Once you find the line below that has "Desire The Best", output it and every line after it exactly, stopping after the line that has "Reviewer's photo showing", with no pictures.

* **Exercise inputs**:

---*---

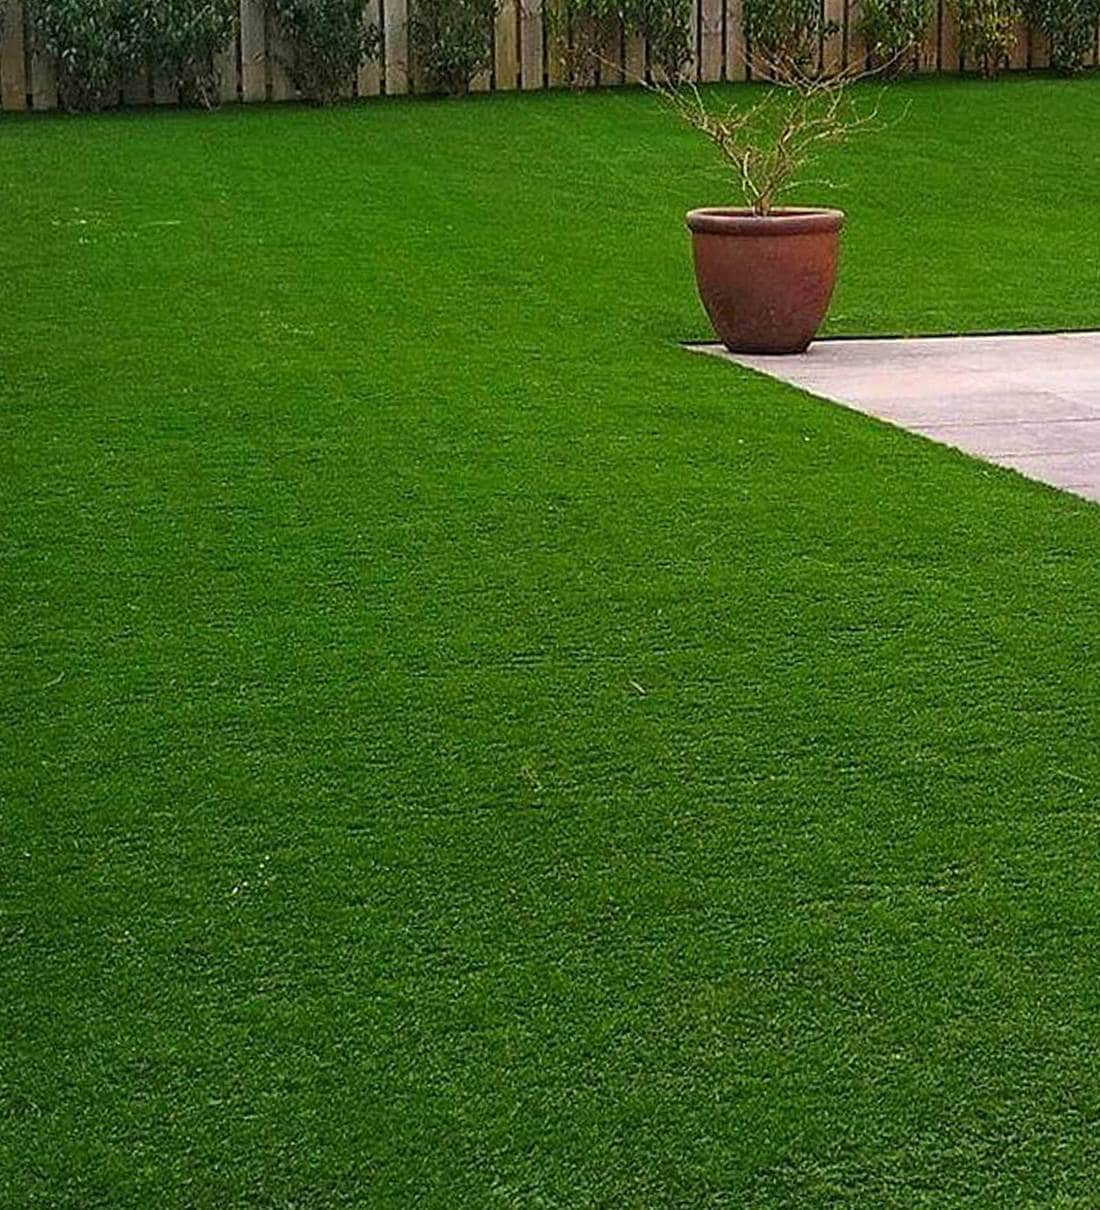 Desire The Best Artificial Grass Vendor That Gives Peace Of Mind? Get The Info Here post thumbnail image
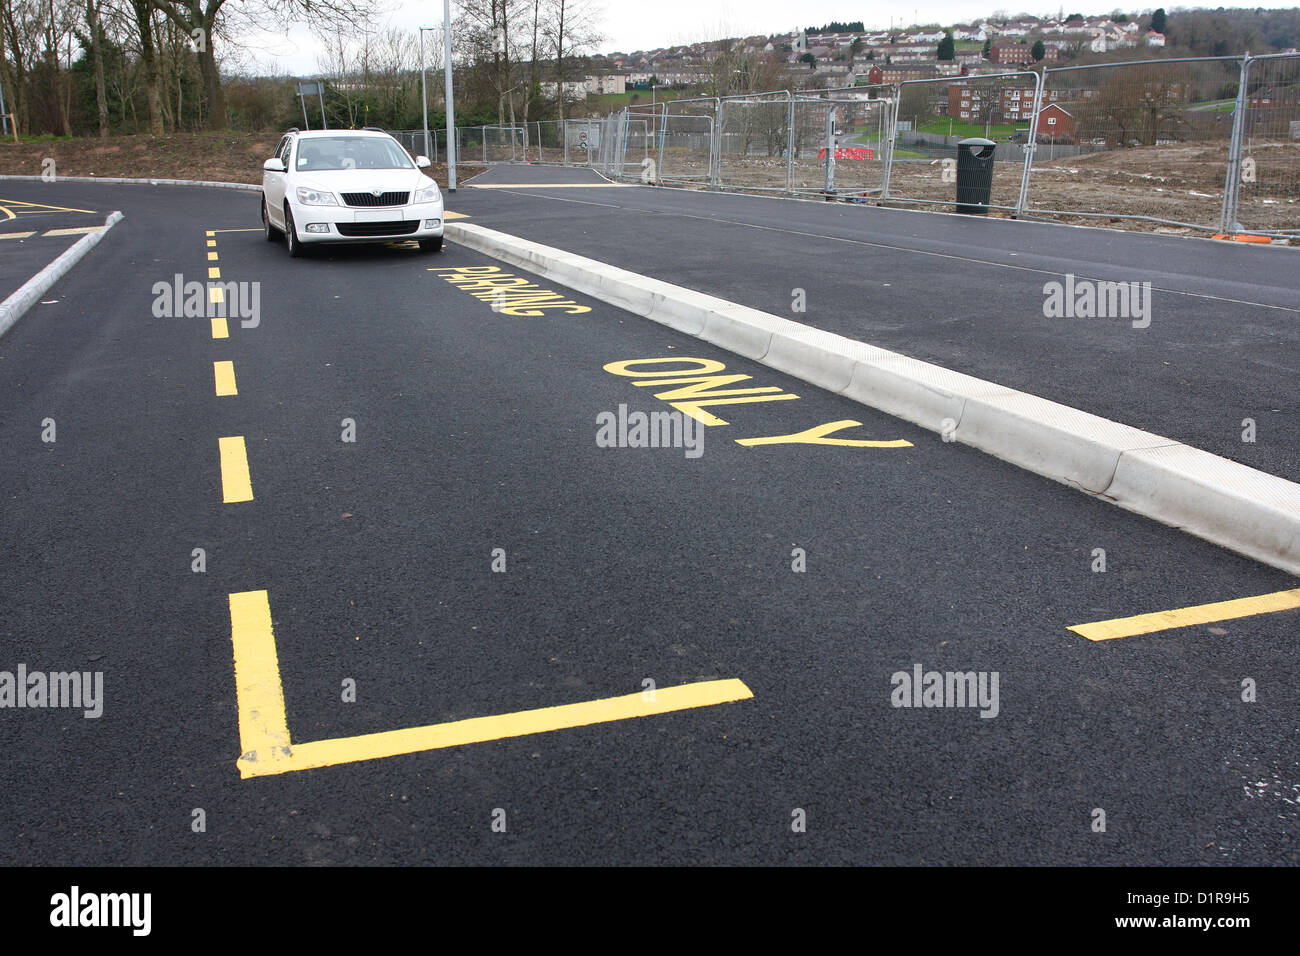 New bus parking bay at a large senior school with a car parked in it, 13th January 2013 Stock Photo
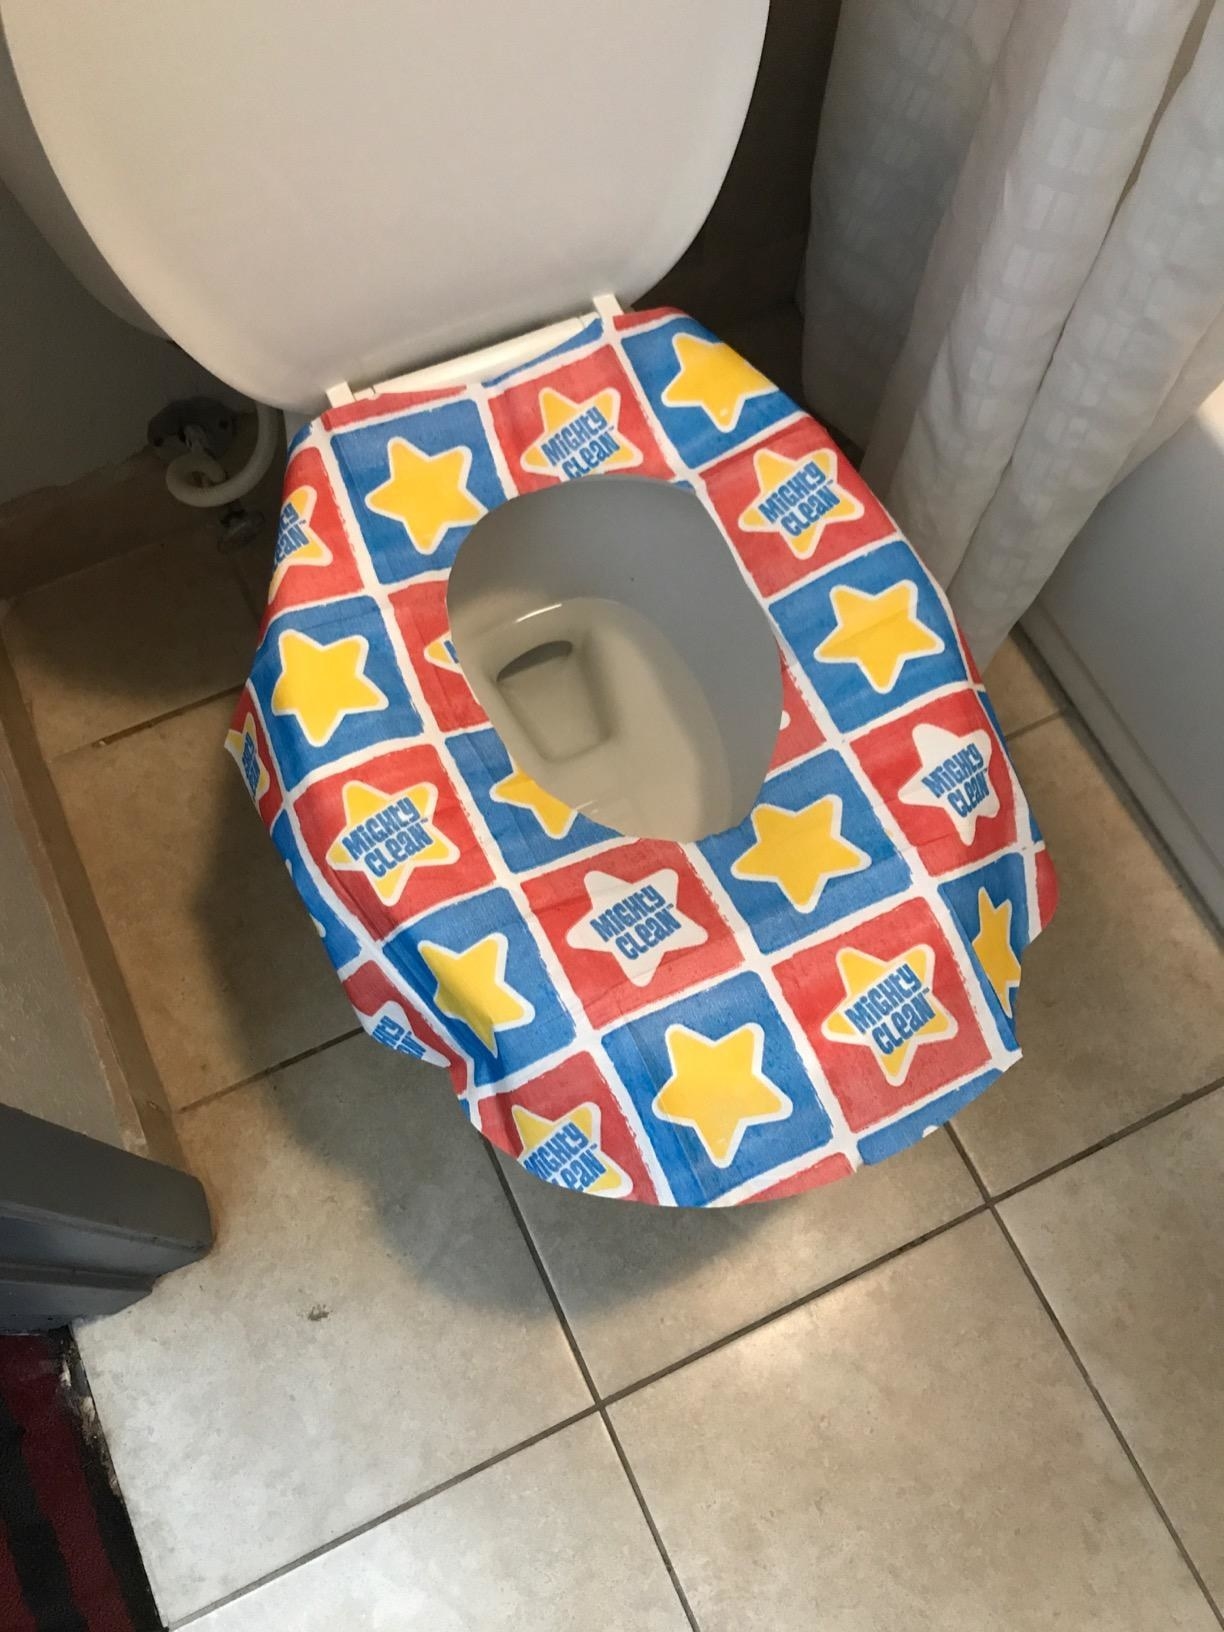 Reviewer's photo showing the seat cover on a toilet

---*---

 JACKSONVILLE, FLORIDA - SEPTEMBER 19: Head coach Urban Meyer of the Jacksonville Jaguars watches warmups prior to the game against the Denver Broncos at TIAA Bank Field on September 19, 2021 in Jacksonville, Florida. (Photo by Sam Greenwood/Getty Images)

---*---

* **Result**:
 Desire The Best Artificial Grass Vendor That Gives Peace Of Mind? Get The Info Here post thumbnail image
 New bus parking bay at a large senior school with a car parked in it, 13th January 2013 Stock Photo
 Reviewer's photo showing the seat cover on a toilet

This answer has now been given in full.